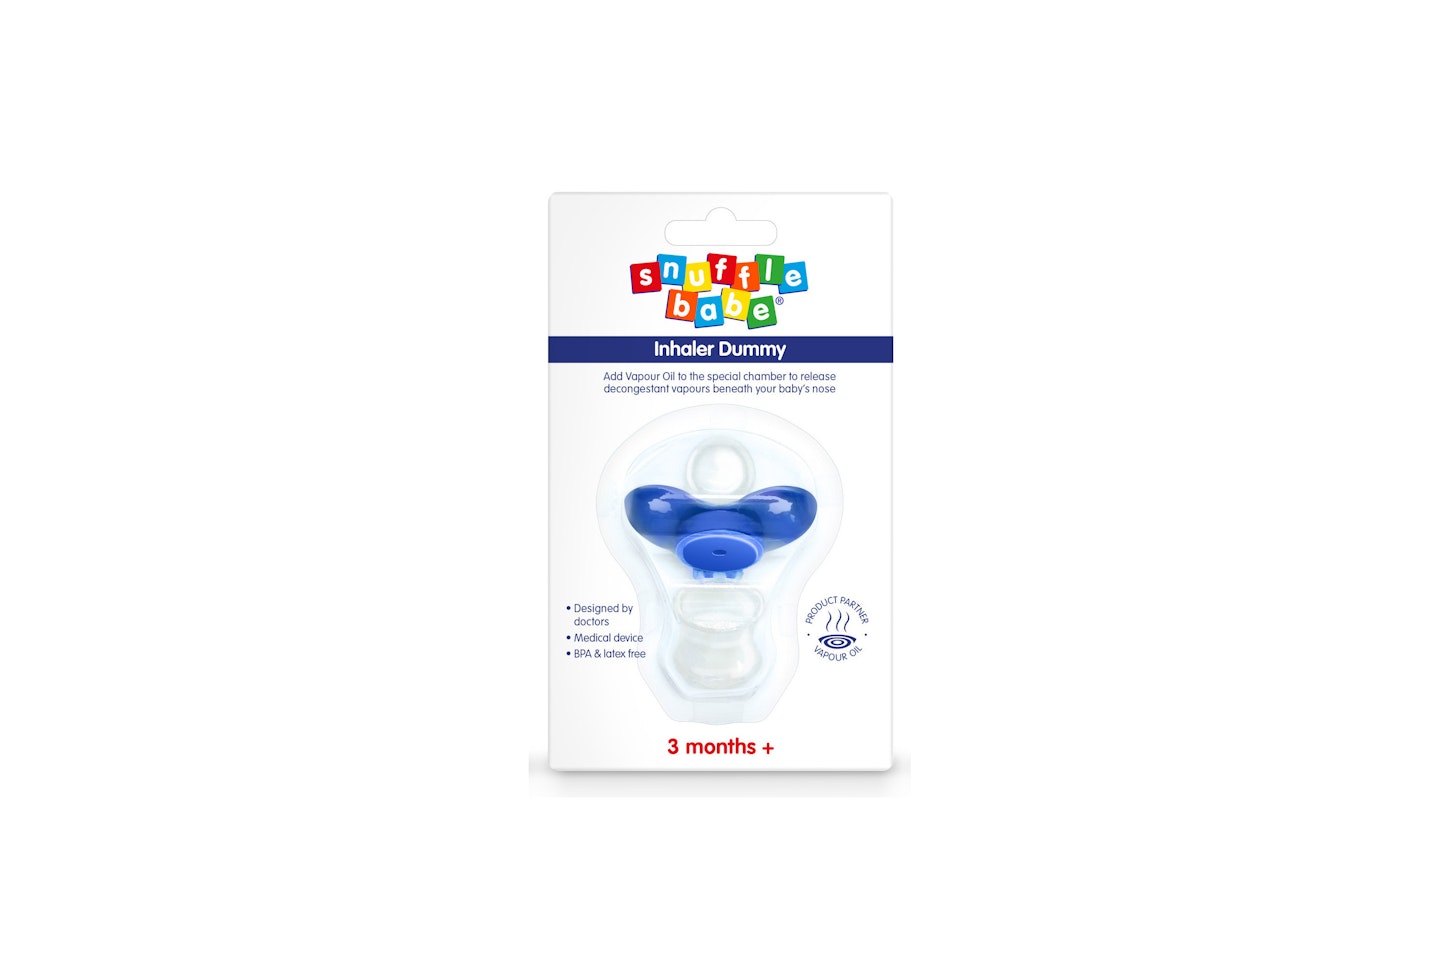 This dummy has been created by doctors to use alongside Snufflebabe vapour oil. You simply put a few drops into the special compartment in the dummy, which sits near your baby’s nose, so that he can inhale the vapours while he sucks on the dummy. The oil
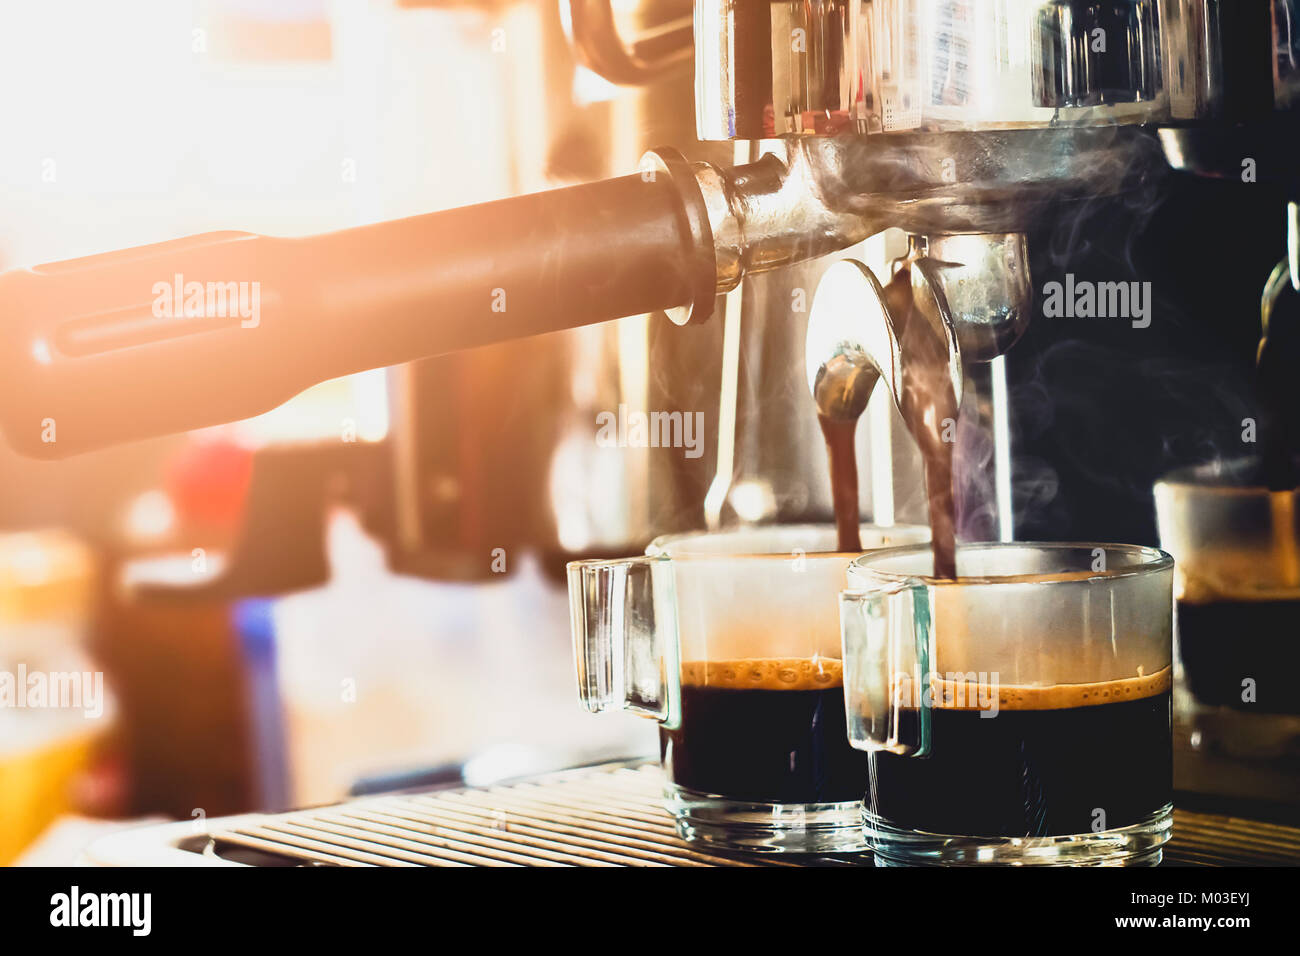 Close-up Of Espresso Machine Pouring Coffee In A Glass Stock Photo
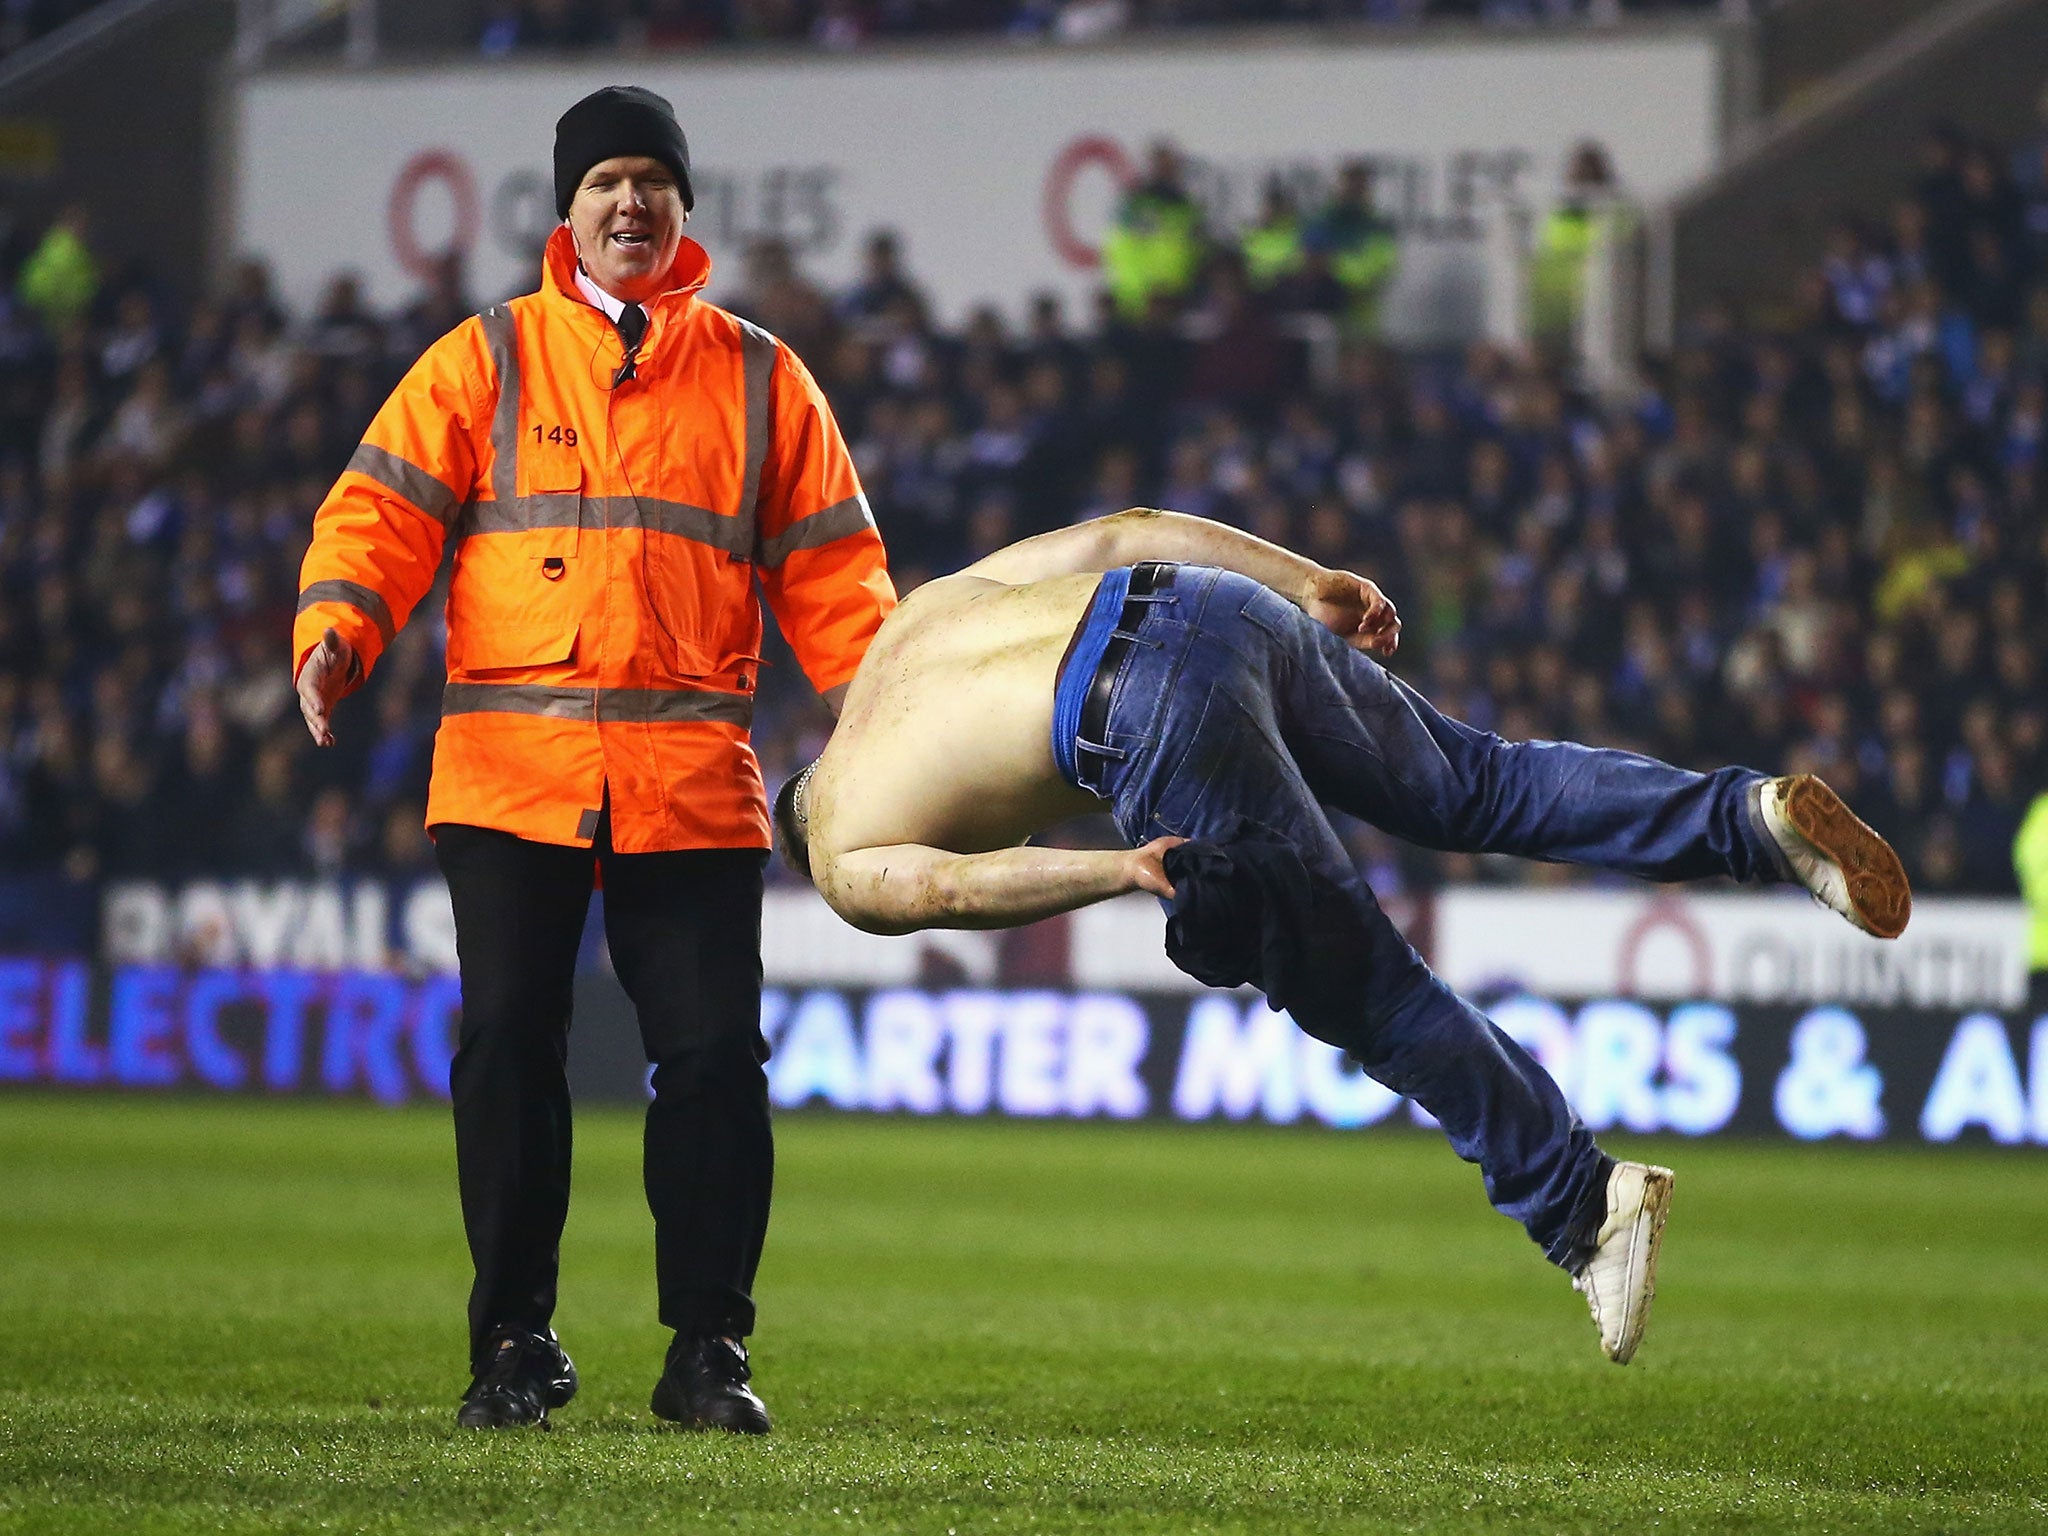 The pitch invader performed no fewer than four front flips

**Instructions to follow**
I would like the data copied exactly as it stands, with no pictures included.

**Task answer**
 This dummy has been created by doctors to use alongside Snufflebabe vapour oil. You simply put a few drops into the special compartment in the dummy, which sits near your baby’s nose, so that he can inhale the vapours while he sucks on the dummy. The oil
 Close-up Of Espresso Machine Pouring Coffee In A Glass Stock Photo
 The pitch invader performed no fewer than four front flips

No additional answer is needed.